Updated: Nov 30, 2022

Symptoms of anxiety can be divided into three main groups:

Panic disorder, generalized anxiety disorder and social anxiety disorder.

- Panic disorder is defined by panic attacks: high-grade physical agitation with palpitations, hyperventilation, dizziness, nausea and so on.






- Generalized anxiety disorder occurs when a person worries excessively about everyday things for six months or more, so that daily life is no longer enjoyable, attention is limited and a feeling of fear and being threatened predominates. We often see this disorder in children, especially those who worry about their school performance (not to be confused with truancy).

- Social anxiety disorder (also called "social phobia") is characterized by avoidance of situations in which a person visibly blushes, trembles or sweats, which subjectively makes them feel very anxious. School phobia in younger children can develop into social phobia, so its causes must be identified and affected children treated. Each disorder is accompanied by physical, cognitive (mental) and behavioral symptoms that can be treated.


The symptom groups:


- The anxious body. The physical symptoms include the whole complex of negative bodily arousal such as fear of panic, blushing, sweating, shyness and the tension of being "excited" and distraught. These symptoms can be controlled with the strategies.

- Anxious awareness. Cognitive symptoms result from hyperactivity of the brain that causes mental stress and obsessive ruminating. A brain that is constantly agonizingly anxious leads to anxious consciousness. The strategies in Part III are effective in calming anxious consciousness.

- The anxious behavior. Behavioral symptoms include both the avoidance behaviors of people suffering from panic and social phobia and the complex and more subtle avoidance patterns of people who constantly worry and fret.


The 10 best strategies against anxiety and panic


-Strategy 1: What, when, where and how much? Diet and stimulation.

Here's where you can consult a therapist to find out which foods don't stimulate your anxiety too much. What stimulates you the most? How can you reduce the influence on your anxiety, such as by watching TV?

-Strategy 2: Let your breathing help you.

Take a breathing class. Get advice from someone who knows how and in what ways you can breathe to control certain fears.

-Strategy 3: Mindfulness with altered attention.

Through mindfulness, learn to change your thoughts when your fears arise.

-Strategy 4: Relax.

Meditation exercises that you can do well will help you go a long way. You can also be guided in this.

-Strategy 5: Stop thinking catastrophically.

Try to perceive that your mind is on the train of drama. When you are aware of these thoughts, you know you can turn them into positive thoughts: your last vacation, for example.

-Strategy 6: Turn off the anxious thoughts

-Strategy 7: Keep worry under control.

Worrying is normal. But always thinking about the same thing and making a drama out of it is not. Stay in the now and know that you have no problems in the now.

-Strategy 8: Behavior change through focused self-talk.

Having worries and fears means having inner monologues.
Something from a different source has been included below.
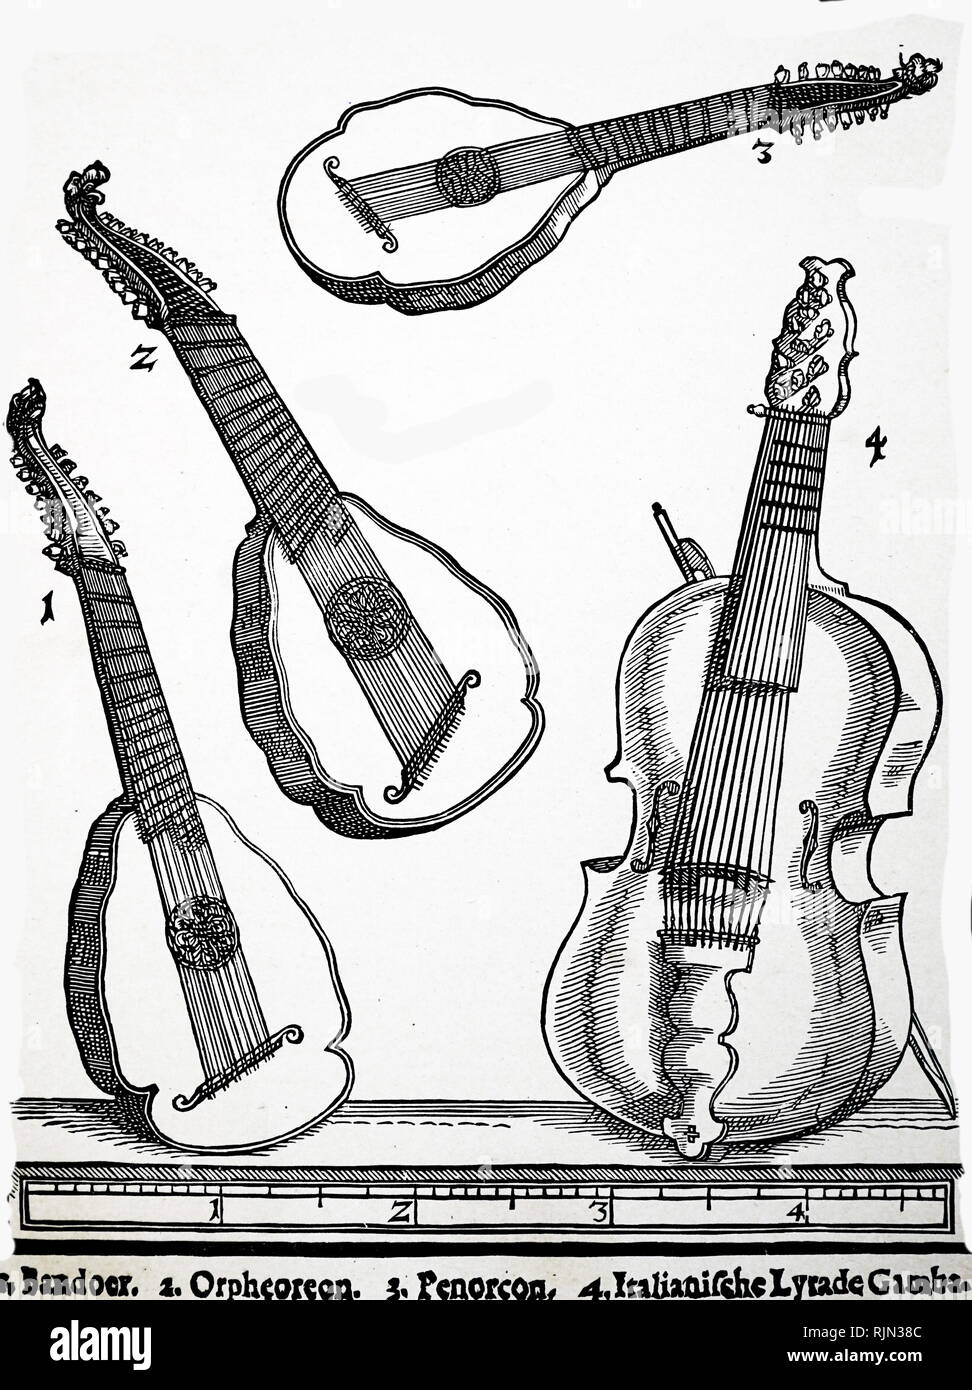 Illustration showing Old stringed instruments 1: Bandoer 2: Orpheoreon 3: Penorcon 4: Italian Lyra da Gamba. From Michael Praetorius 'Syntagma Musicum' Basel 1615-20 Stock Photo

Pay attention to your monologues and change them into something positive or constructive.

-Strategy 9: Master the too-much-activity syndrome.

Master the too-much-activity syndrome. It is a way to become calmer. You don't have to control everything, and you don't have to, because it's usually about small things that you do out of fear and insecurity.

-Strategy 10: Develop and implement a plan.

These 10 strategies, grouped according to physical, mental and behavioral anxiety symptoms, provide different methods of achieving the desired goal, so they can be adapted very effectively to individual cases. There is no right order to learn the 10 best strategies against anxiety and panic. Choose the strategy and method that works best for you.